This section takes about 10 minutes to complete.
Quiz
What are some key differences between OLAP and OLTP systems?
OLTP
Frequent updates, transactional behaviour/requirements
Query priorities:
- low-latency, up-to-date, consistent data for standard business operations
OLAP
Oriented towards analysis, modelling, reporting, business intelligence
Query Priorities:
- asking big questions against big data, supporting flexible queries/analyses
- efficiently processing millions of rows and returning thousands/millions of rows
Why did people start moving from traditional databases and data warehouses to HDFS for Big Data Analytics in the mid 2000s?
Traditional relational databases and data warehouses relied on vertical scaling which required expensive/specialized hardware and was hard to plan for. HDFS and MapReduce allowed for horizontal scalability with cheap commodity hardware.
And subsequently, why did people move from HDFS to Object Storage for Big Data Analytics?
Cloud-based Object Storage is super scalable and cheap, far more than HDFS (which is only often used in on-prem environments these days). It was also great for storing all sorts of file formats (unstructured text, images, video, etc.). Most modern cloud-based Data Lakes are built-on Object Storage technologies. Modern query engines such as Apache Spark, Presto, Dremio, etc. can efficiently scan data laying on object stores.
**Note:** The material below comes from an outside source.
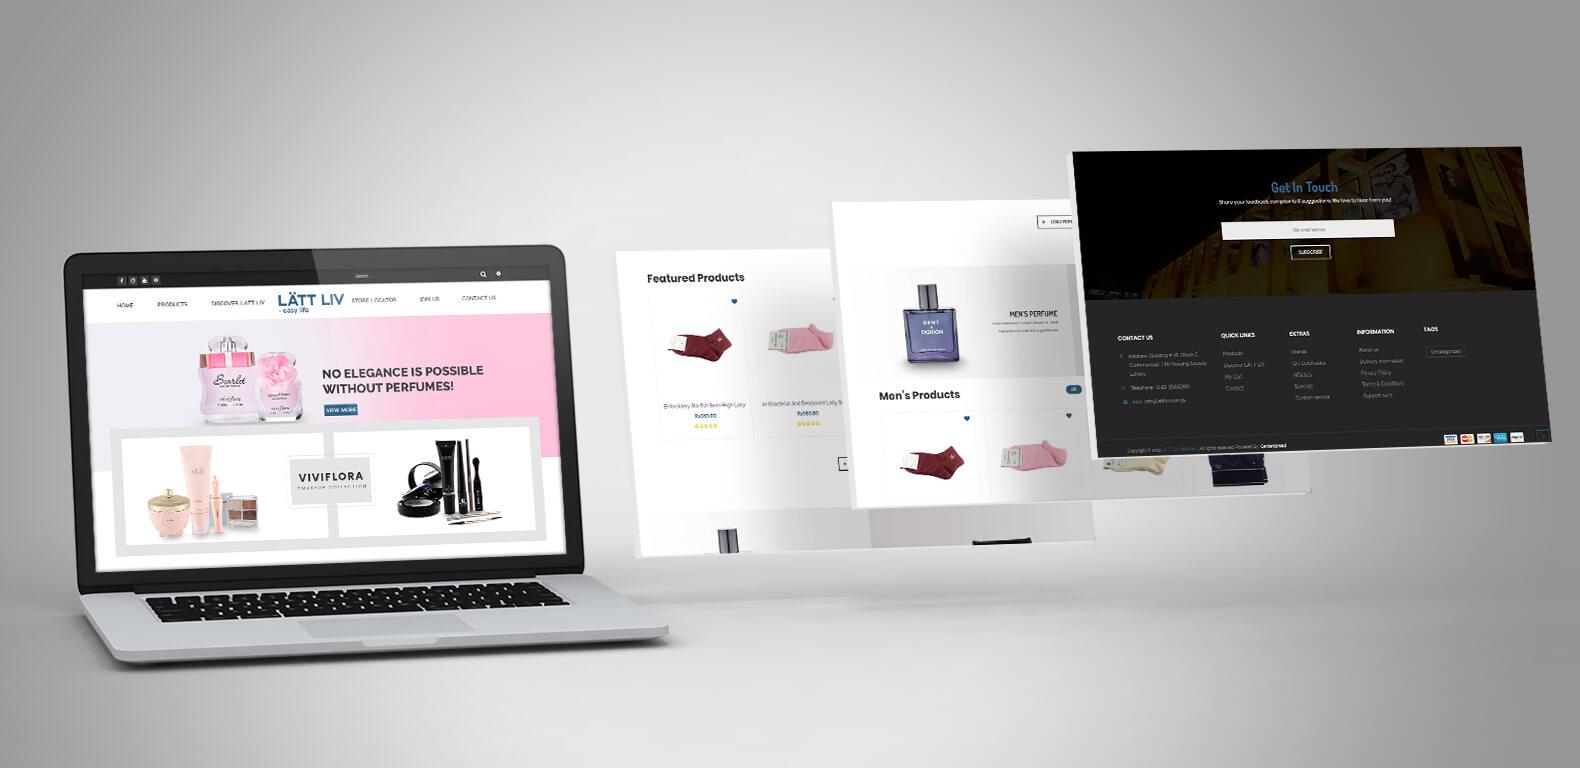 Website-product-page-lattliv-Pakistan

To summarize: object storage + (on-demand) query engines = fully decoupled storage and compute (great for scalability, elasticity, cost)
Name some object storage offerings from the 3 major cloud providers
AWS
- Amazon S3 (general purpose)
- Amazon S3 Glacier (for archiving)
Microsoft Azure
- Azure Blob Storage (general purpose)
- Azure Data Lake Storage Gen2 (has a file systems hierarchy, great for large structured and semi-structured datasets)
GCP
- Google Cloud Storage or GCS (general purpose)